The End of the World: The future is into slightly misunderstood 20th-century kitsch as entertainment; use of pop song/video as atmosphere-building.
The Unquiet Dead: Alien invader that goes in for possession.
The Impossible Planet/The Satan Pit: Small crew, with a member who seems normal in some ways but is actually possessed and speaking with someone else's voice. The mechanic who dies is a trainee on their first trip.
Love and Monsters: A small group of people, initially trusting the Doctor, then turning on him because of the actions of another non-human.
Fear Her: The driver and mechanic as analogues for the nice council blokes. Alien "invader" who isn't actually invading, just doing its thing.
Gridlock: People trapped by transport media.
42: See TIP/TSP above, and add the possessed crewmember going in for repetition.
Voyage of the Damned: RTD does love his disaster movies, doesn't he?
Catchphrasewatch: "Allons-y," "Molto Bene", "No, don't do that," and another explanation that Donna's just a friend really.
Old Skool Who: "The Green Death," "Planet of the Spiders" and associated Pertwee-era stories (Doctor extolls virtues of paradise planet which turns out to contain some hostile lifeforms); "The Deadly Assassin" (companionless story). "The Horror of Fang Rock" (alien starts taking over members of small ensemble cast trapped in a perilous location, causing them to fight amongst themselves), though you could make a similar case for "The Image of the Fendahl," "Shakedown," etc. "Kinda" (possessed person who alternates between odd, animal-like movements and a kind of powerful sensual manner).

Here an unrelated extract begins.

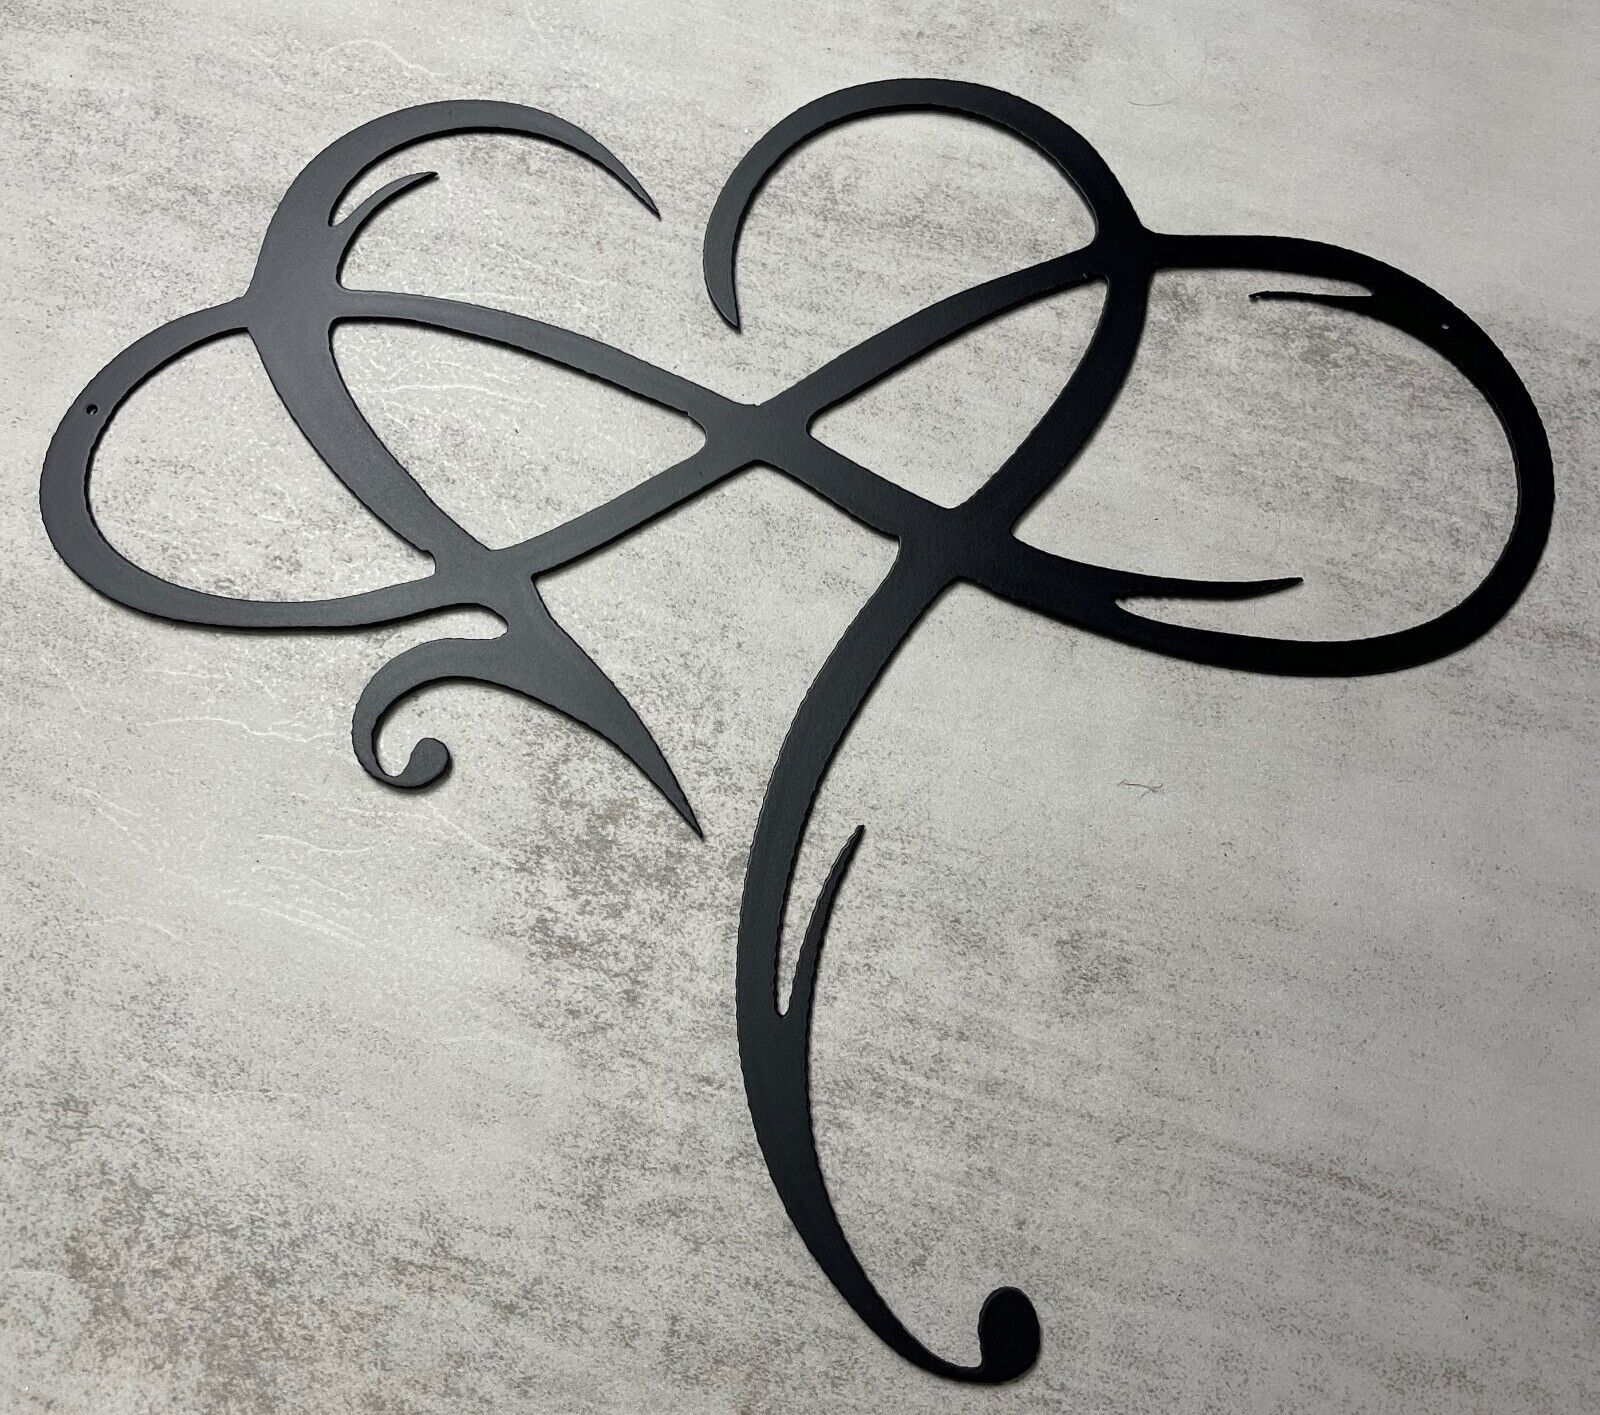 Primary image for Infinity Heart - Metal Wall Art - Black  21 1/2" x 24 1/4"

Everywhere else: Any disaster movie featuring a small group of slightly stereotypical individuals trapped in a small but imperilled environment, and/or any movie in which a mysterious entity possesses a vulnerable woman and wreaks havoc, and/or any of the recent spate of movies about emo teens whose parents don't get them (e.g. "Napoleon Dynamite"). Labyrinth ("Jared"). Poltergeist (the alien's ability to affect the electrical systems).
I've recently been reminded that David Troughton played Bob Buzzard in A Very Peculiar Practice. Skinny, championship-squash-playing, Olympic-swimming, full-head-of-hair Bob Buzzard. My word, hasn't he changed?